__Dataset extract__
┄┄┄┄┄┄┄┄┄┄

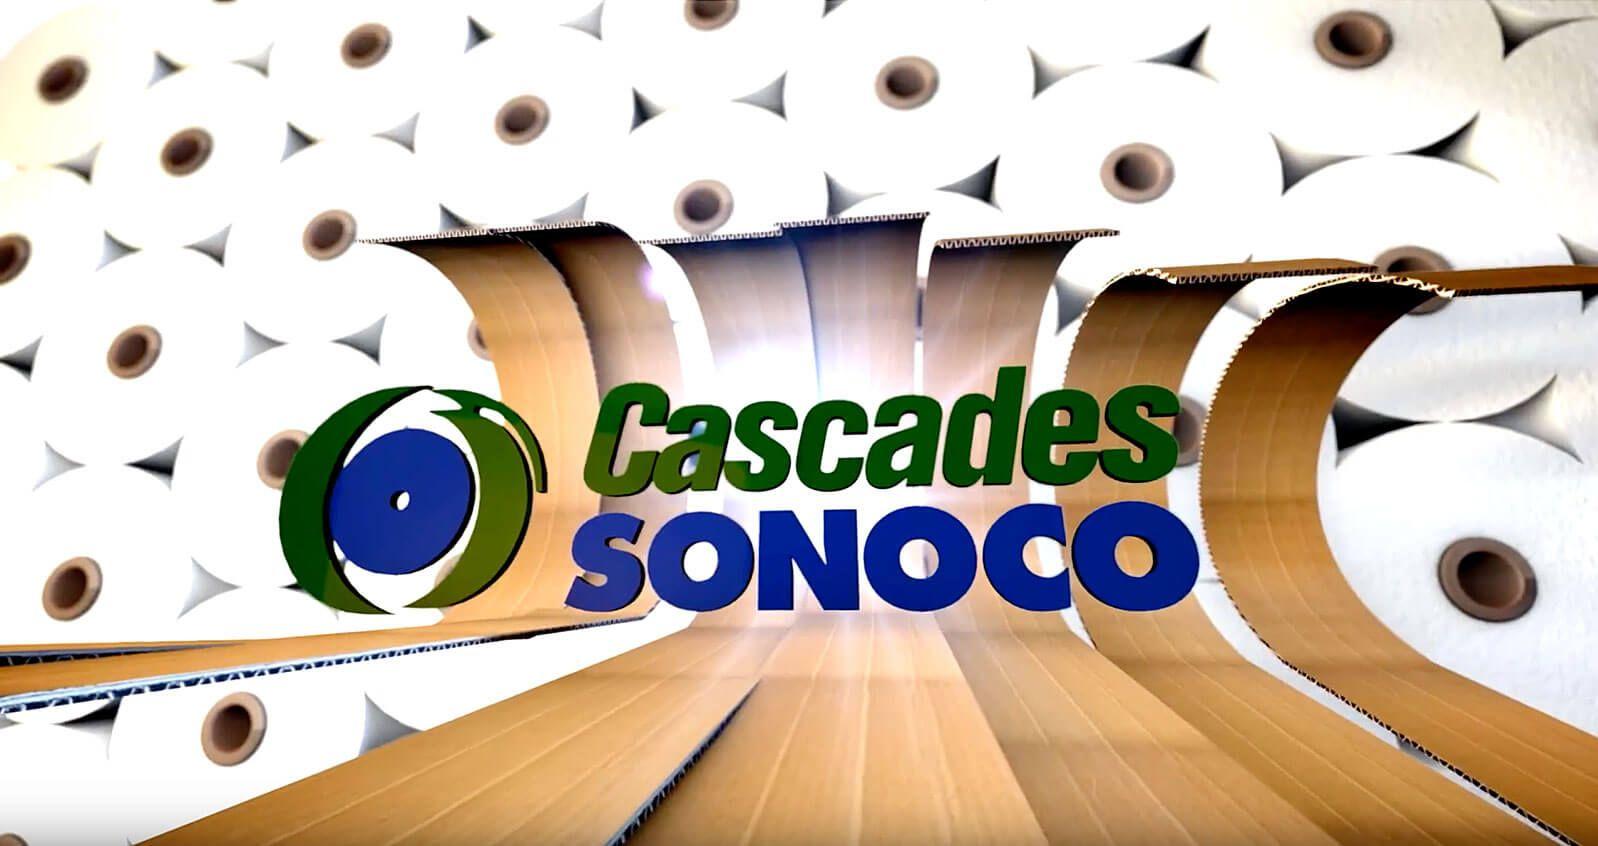 Sonoco Logo - Cascades Sonoco | Cascades Sonoco offers a full range of options for ...
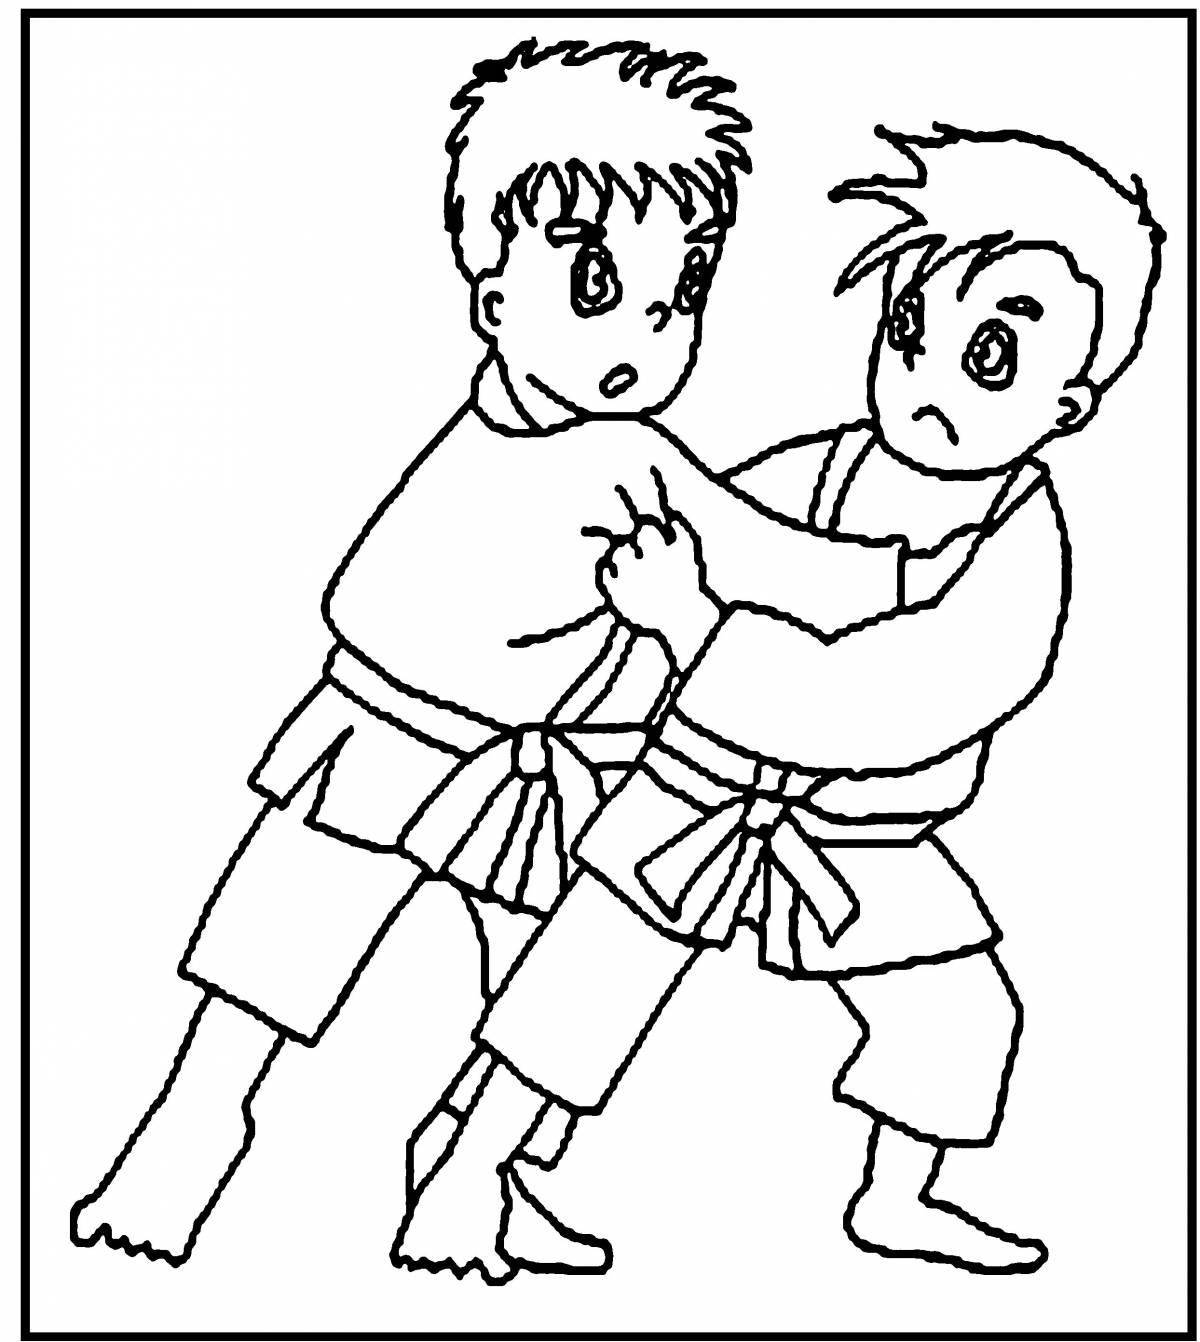 Taekwondo fun coloring book
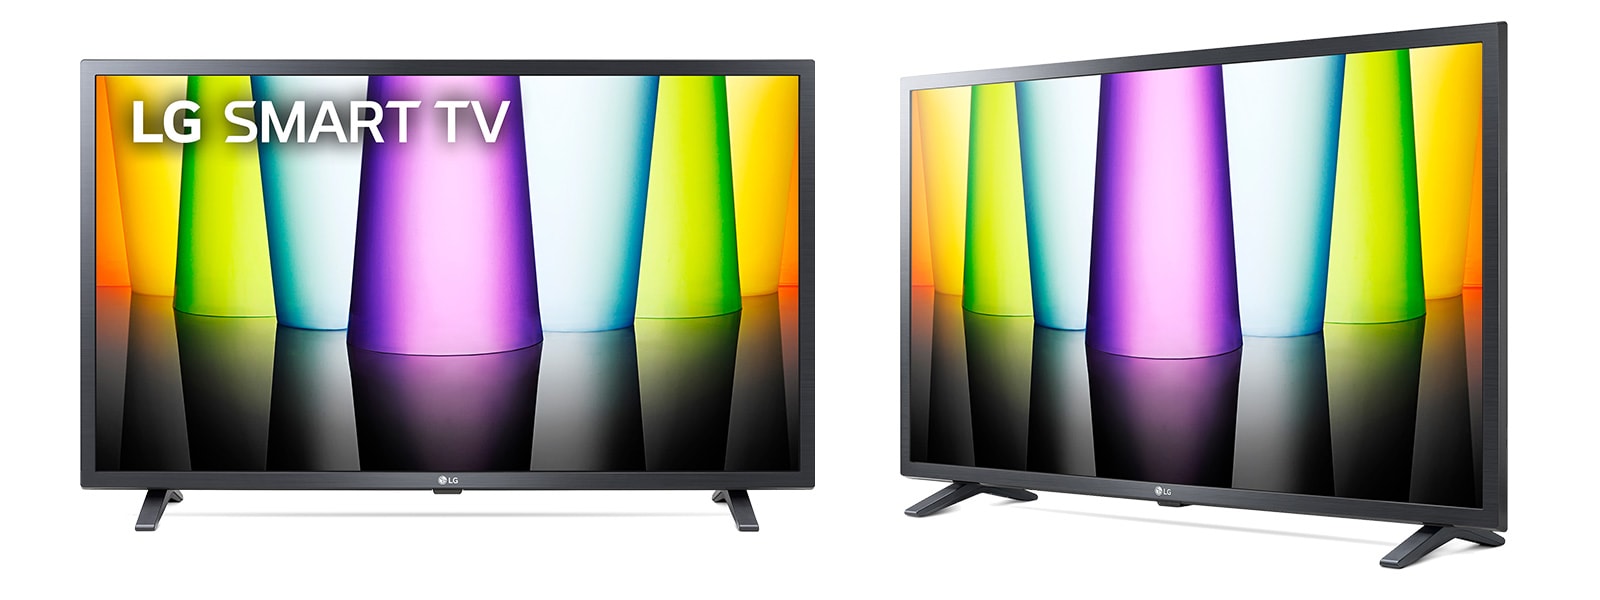 LG Smart TV 32LN570B デジタルハイビジョン液晶テレビ32型 - テレビ

┄┄┄┄┄┄┄┄┄┄

__What you should do__
Do not include the pictures. Quote only the lines from the line with "Taekwondo fun coloring book" through the end of the material, both ends included, exactly.

__Reply to the task__
 Taekwondo fun coloring book
 LG Smart TV 32LN570B デジタルハイビジョン液晶テレビ32型 - テレビ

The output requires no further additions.